• **Work instruction**:
Go through the listing below and retype exactly the lines starting at the one with "Andrews NC Spring" and ending at the one with "Aerial view of", skipping pictures.

• **Data supplied**:

● ● ●

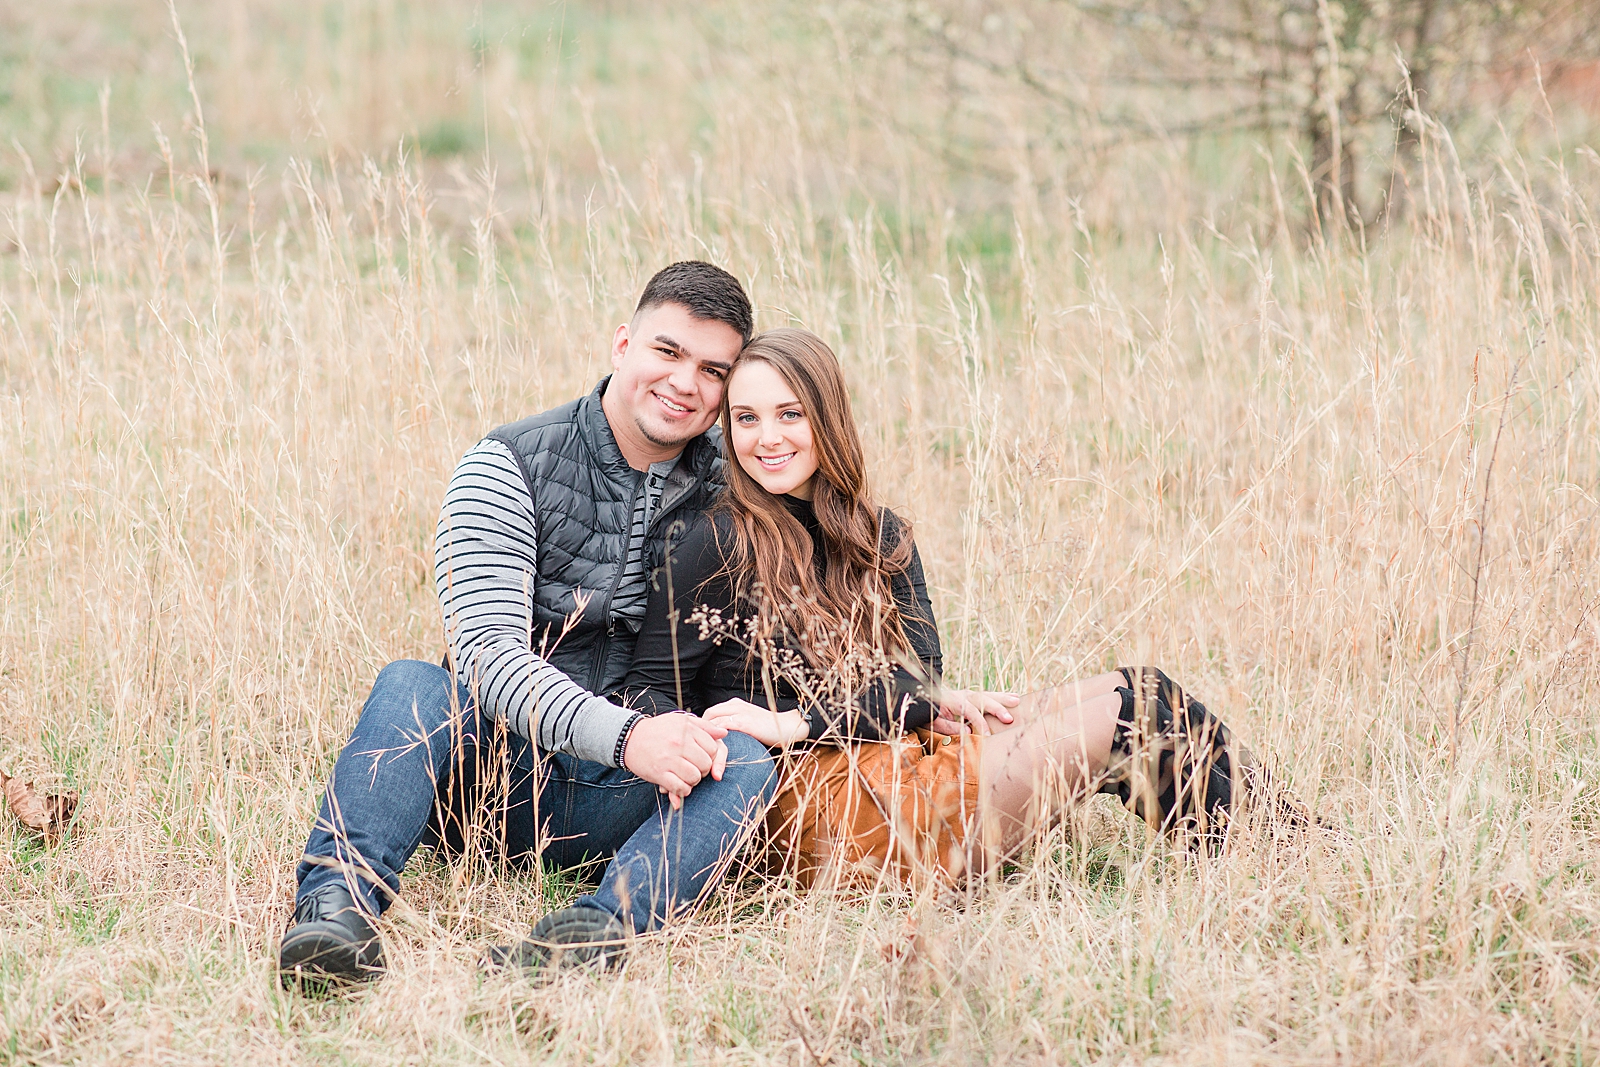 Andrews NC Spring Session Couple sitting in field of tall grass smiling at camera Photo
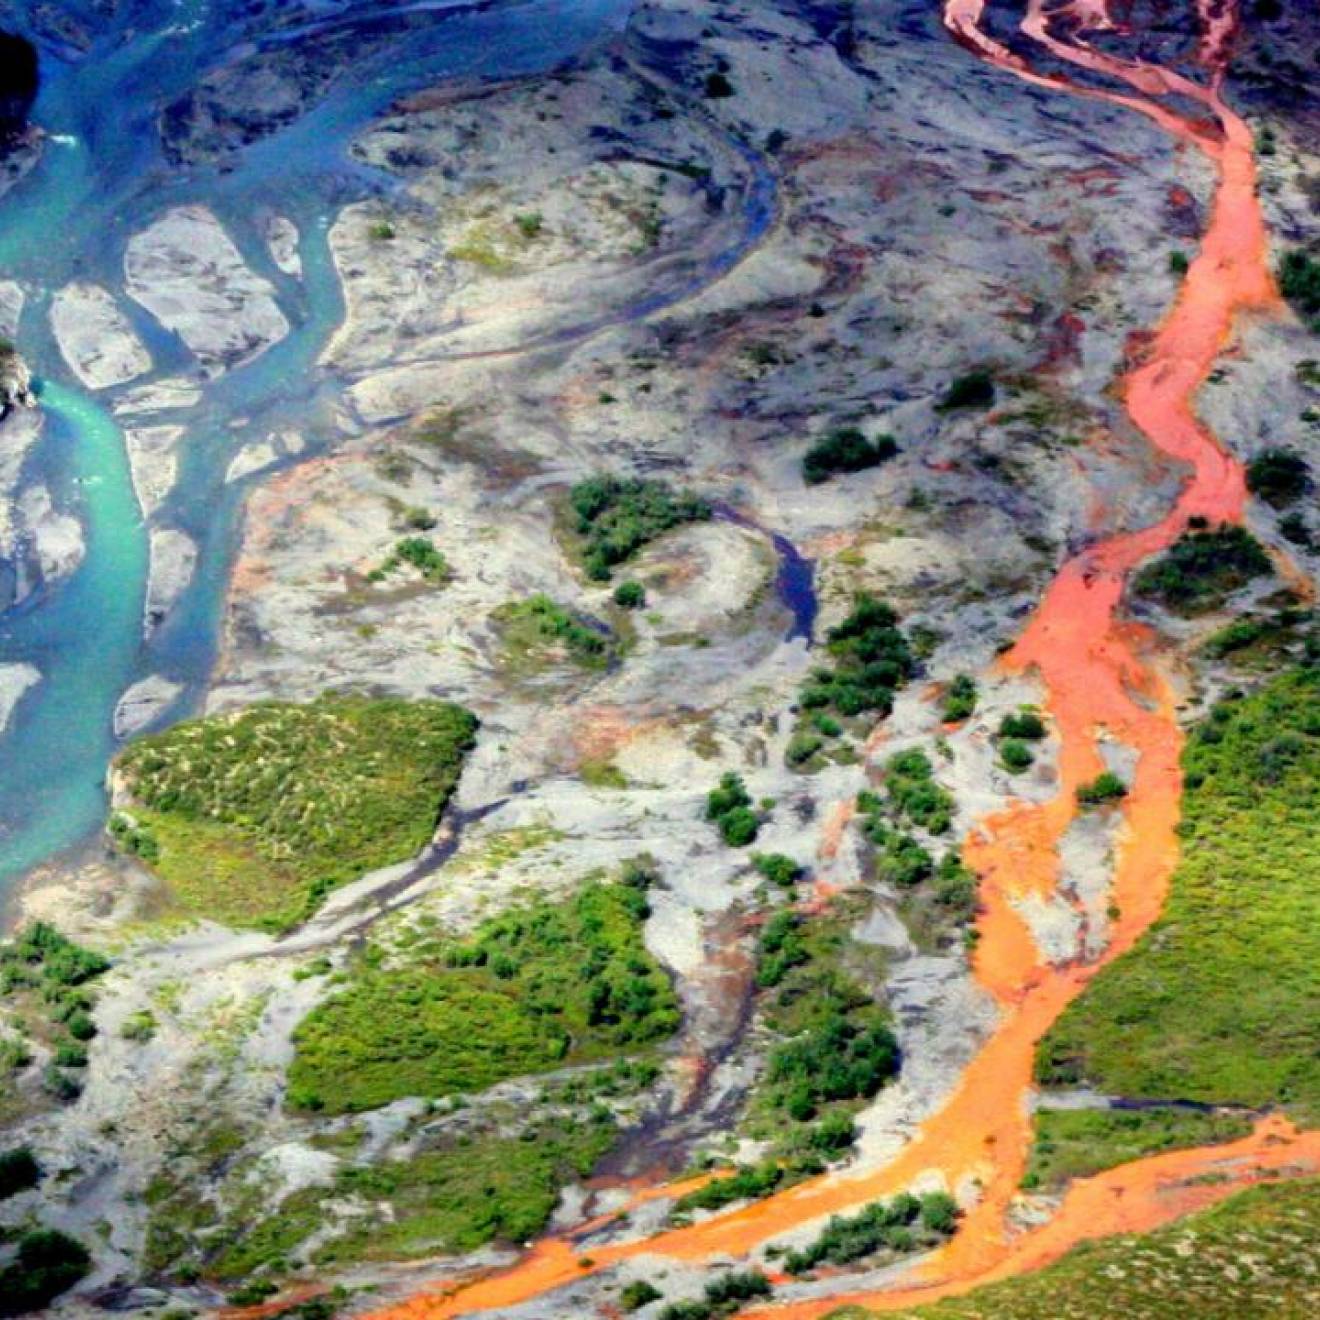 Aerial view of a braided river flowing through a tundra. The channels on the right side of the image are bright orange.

● ● ●

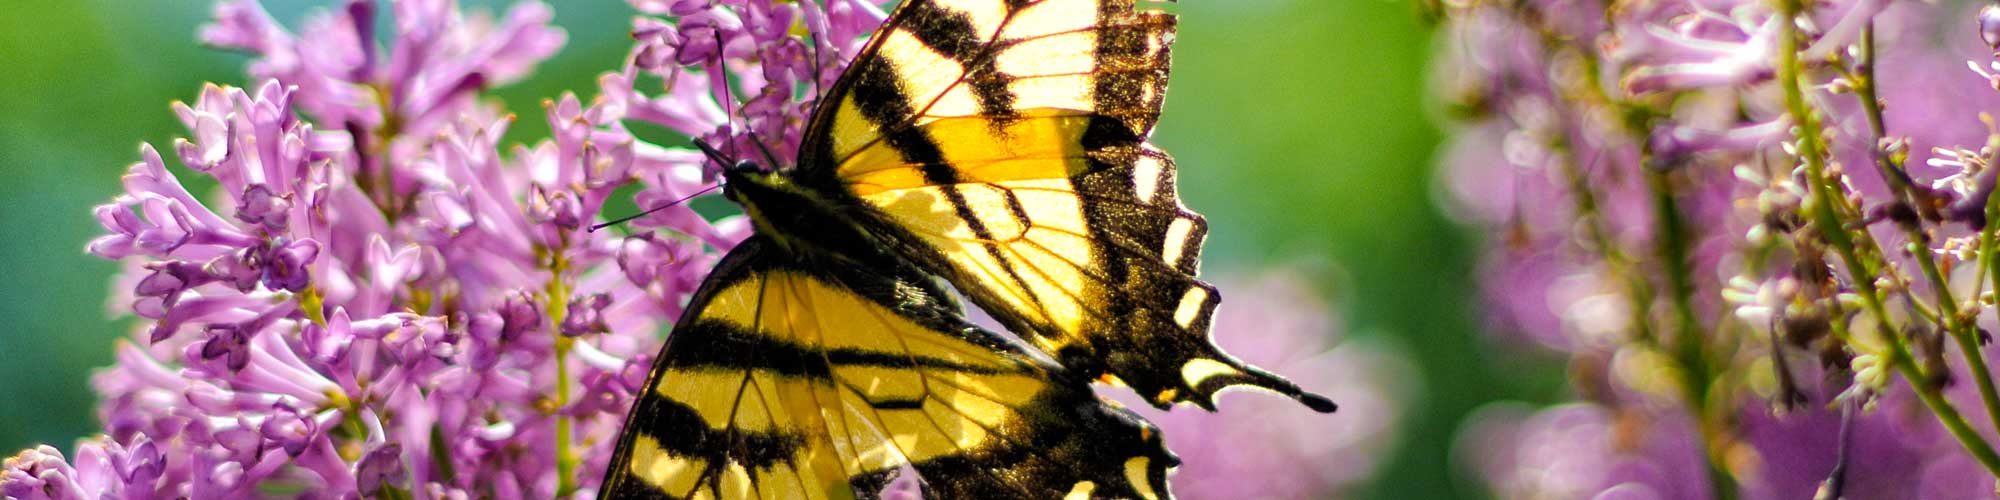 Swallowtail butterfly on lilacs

● ● ●

• **Written answer**:
 Andrews NC Spring Session Couple sitting in field of tall grass smiling at camera Photo
 Aerial view of a braided river flowing through a tundra. The channels on the right side of the image are bright orange.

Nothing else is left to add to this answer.